No centro dessa imensa rede de igarapés encontrava-se o pobre historicamente mutilado, ao lado da opção decisiva por suas penas e lutas, sinhôs e utopias. Opção que, se é verdade, ganhou vigor através do Concílio Vaticano II, também é certo que adquiriu maior especificidade e mais concretude nas Assembleias do Episcopado da América Latina e do Caribe. Igualmente ao lado do pobre, excluído, vulnerável e descartável, limitando-nos agora ao Brasil, um punhado de bispos hoje amplamente reconhecidos, pastores por excelência, e uma multidão de padres, religiosos, religiosas e agentes pastorais leigos/as conseguiram fazer com que a voz dos silenciados e silenciosos se convertesse na voz da própria Igreja. A palavra viva e a fé profética, tal qual “facas afiadas de dois gumes” (para usar uma expressão bíblica) penetraram no coração da própria CNBB. E esta, oportuna e pertinentemente, foi capaz de potencializar o profetismo individual e transformá-lo em profetismo coletivo. Convém jamais esquecer que o profetismo individual goza de maior prontidão e rapidez na denúncia, enquanto o profetismo de instituição tende a chegar atrasado, devido às instâncias burocráticas envolvidas.

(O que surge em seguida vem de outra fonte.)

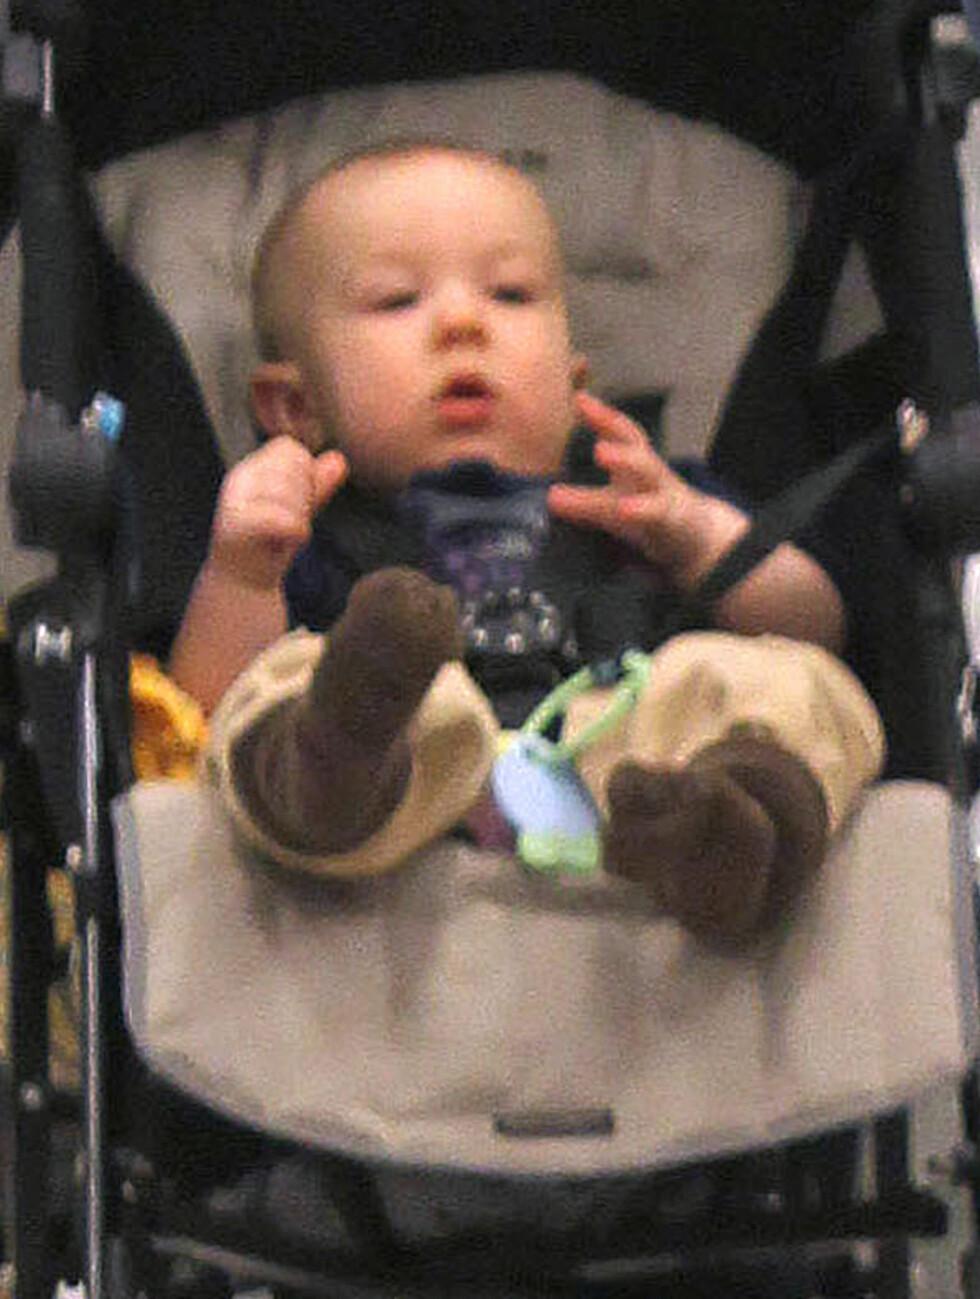 KOSTE SEG: Xander hadde mye spennende å se på da han satt i barnevognen sin. Foto: Stella Pictures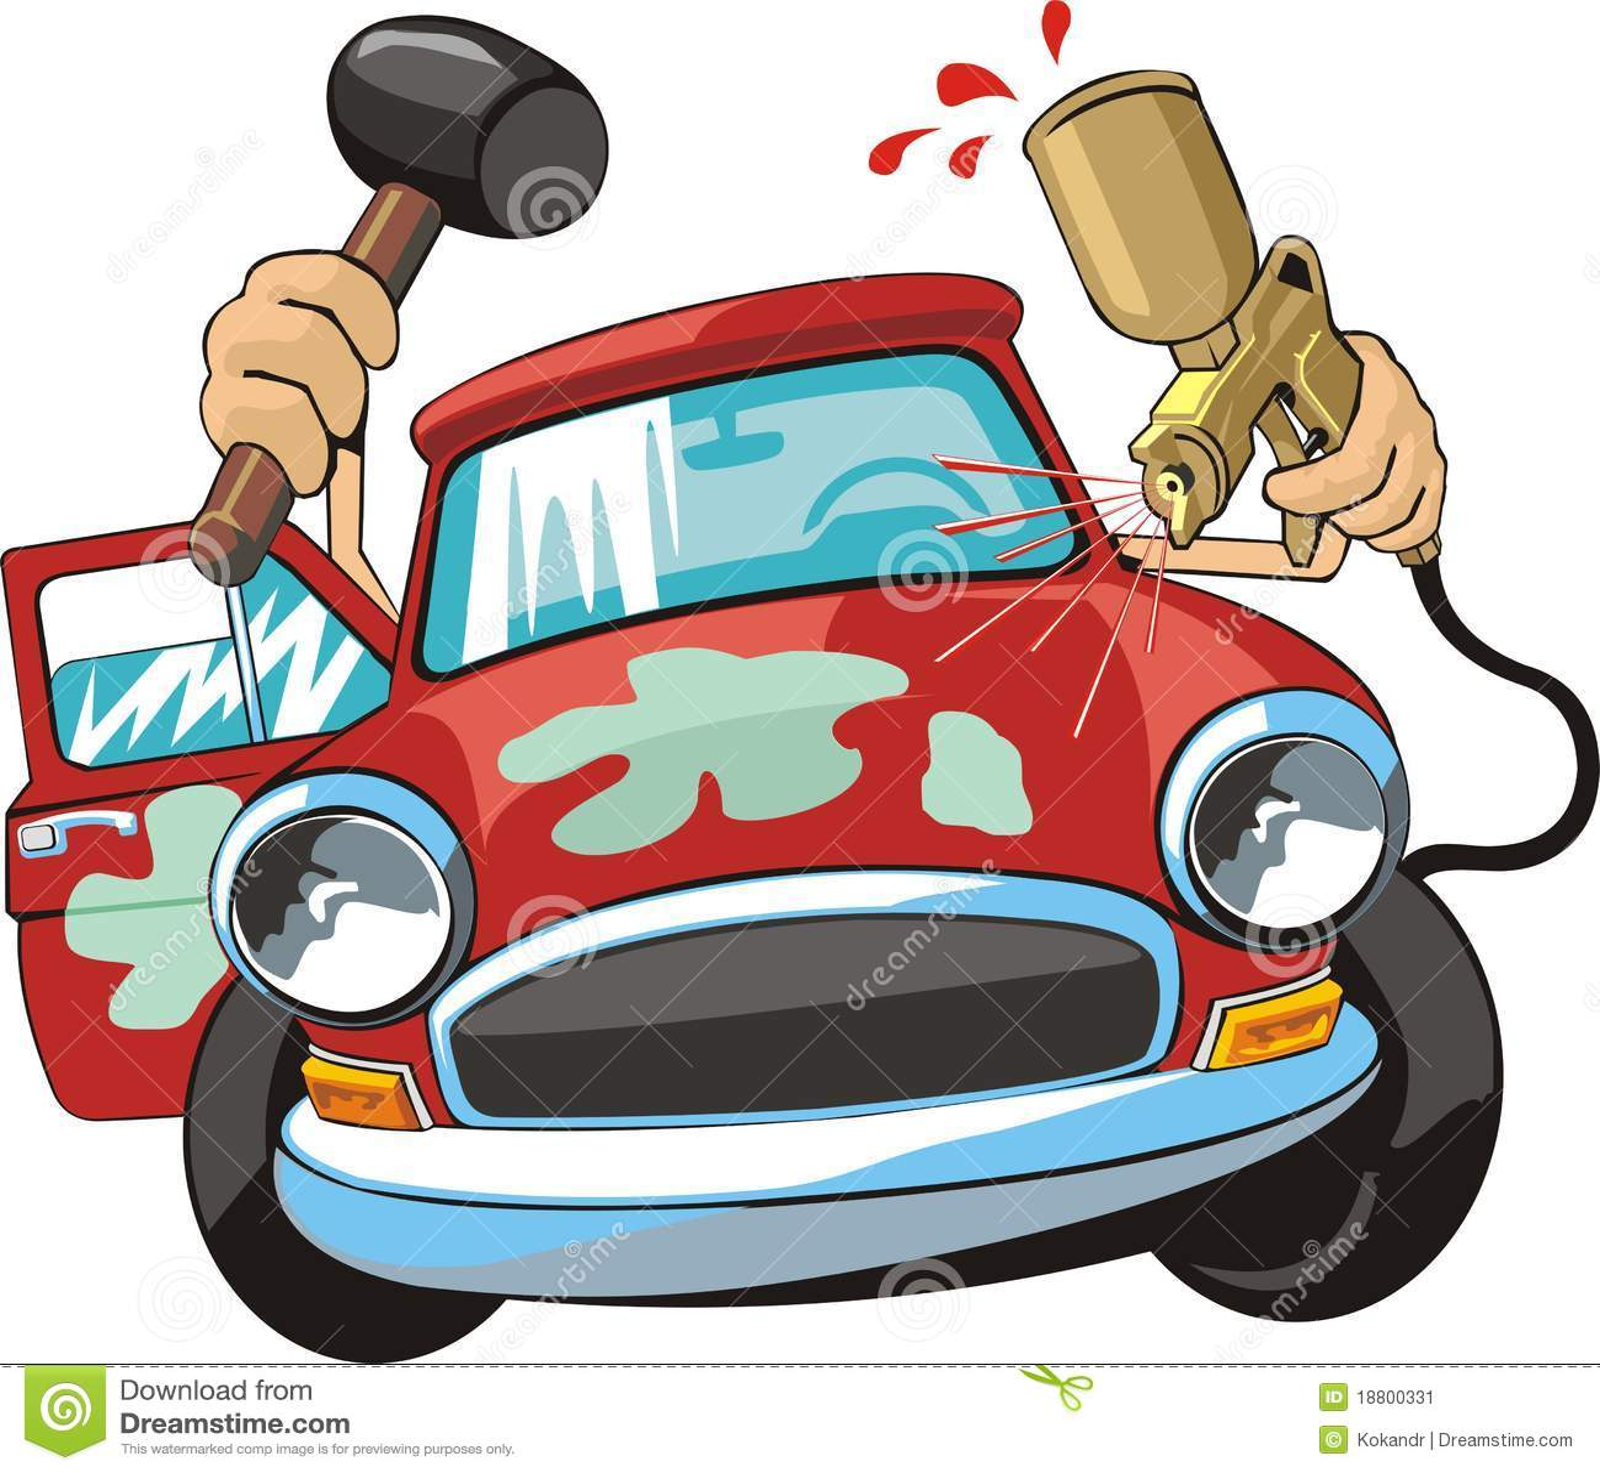 Car Credit For Repairs

Bastaria trazer aqui dois desses documentos que fizeram história e tornaram-se referência para a prática e a teoria dos cristãos brasileiros: “Eu ouvi os clamores do meu povo”, texto publicado em 1973 pelos bispos do Nordeste, anos de plena ditadura militar, que além de marcar época, desencadeou atitudes de perseguição por parte do governo. Também foi tido como marco referencial, seja para outros regionais da CNBB, seja para a própria Conferência Episcopal; no mesmo ano e mesmo contexto político de 1973, por ocasião do Natal, um grupo de bispos e missionários elaborou uma espécie de documento/manifesto de urgência como o título “Y Juca Pirama. O índio: aquele que deve morrer”. Como podemos notar, até os dias de hoje, a situação dos povos indígenas segue extremamente precária, para não falar de outros rostos visíveis ou invisíveis. Ponto final: por que, hoje, falar de CEBs, TdL, Pastorais Sociais e Movimentos Populares faz arrepiar boa parte dos católicos e/ou cristãos?